Quant aux enjeux de la télévision, Ara Aprikian nous a confié que, pour les opérateurs de services audiovisuels, « l'enjeu principal est de faire reconnaître la télé comme étant le principal lieu de création et de lien social sur un territoire ». Alors que les logiques communautaires ou algorithmiques numériques font concurrence à la consommation collective d'un même programme, la télévision doit lutter contre l'individualisation grandissante à travers une position de mass-média. Et ce, en adressant le même contenu à une population nationale qui a pourtant des goûts, des envies qui ne sont pas les mêmes. Elle doit réussir à fédérer à travers de grands événements rassembleurs créant un corps social. Selon le dirigeant de TF1, de nos jours, seule la télévision incarne cette fonction. Elle a donc toute sa place face à la logique individuelle renforcée par les usages technologiques.

La télévision se dirige (tout du moins si elle n'y est pas déjà) vers un dualisme laissant apparaître une confrontation de deux univers qui vont devenir plus ou moins antagonistes avec « une logique mass-média de la télévision challengée par une logique individuelle très forte de consommation des médias numériques algorithmiques ». Il y a donc une logique d’édition et une logique algorithmique.

Pour Ara Aprikian, « il y aura les médias éditoriaux et ceux algorithmiques ». Toute la question est de savoir lequel prendra le dessus sur l'autre ou s'ils coexisteront l'un avec l'autre... La plateformisation des médias audiovisuels permet une nouvelle fenêtre d'action pour les chaînes traditionnelles françaises afin de renforcer leur lien avec leur public et les plus jeunes.

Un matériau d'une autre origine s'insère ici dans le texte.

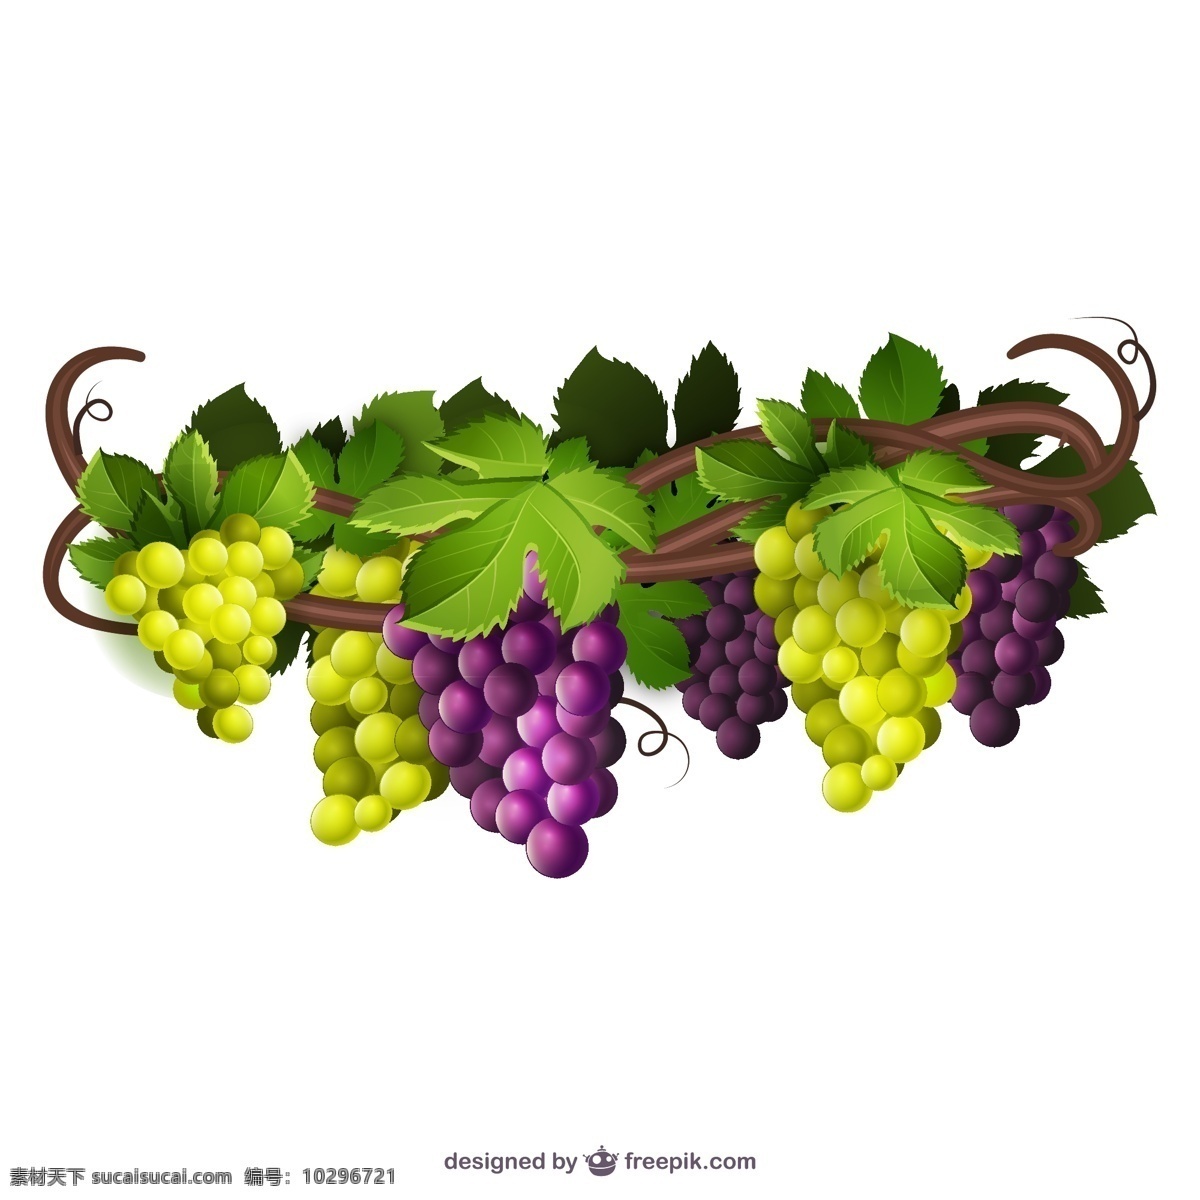 葡萄藤 矢量 葡萄 水果 紫葡萄 绿葡萄 矢量图 高清图片

Alors que la structure de l'offre médiatique de demain est une question essentielle déjà transformée par le numérique poussant à l’individualisme, Ara Aprikian nous a rappelé que les futurs enjeux des médias seront de « parler à un ensemble de population ou à des segments de population ».

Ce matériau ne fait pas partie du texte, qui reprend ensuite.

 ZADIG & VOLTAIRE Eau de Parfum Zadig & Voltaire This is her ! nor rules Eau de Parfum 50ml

Après ce tour d'horizon du positionnement de la télévision, le Directeur des flux à TF1 a pris le temps de répondre à nos nombreuses questions : succès des fictions de France 3, arrivée de Yann Barthès sur TMC, créations originales et investissements de la chaîne TF1 Séries Films, arrivée possible d'un magazine incarné par un journaliste après le journal de 20h en semaine, définition de la cible commerciale de TMC, place des programmes culturels sur les antennes du Groupe TF1, surexposition de Cyril Hanouna sur C8 à l'inverse de Yann Barthès sur TMC, l'avenir, les audiences et les missions de l'audiovisuel public, le développement des séries françaises et du narratif, la programmation de Quotidien, l'avenir du flux sur TF1, la diffusion éventuelle des JO de 2024 et du sport en général sur les antennes du Groupe, la diffusion multi-supports des programmes, les collaborations entre TF1 et certains YouTubeurs, le développement interne artistique des programmes de flux...

C'est avec passion et précision que nos questions ont trouvé réponse.

Nous remercions chaleureusement Ara Aprikian d'avoir évoqué sa vision de l'audiovisuel
et partagé de nombreuses ondes positives avec les Masters D2A et ECN.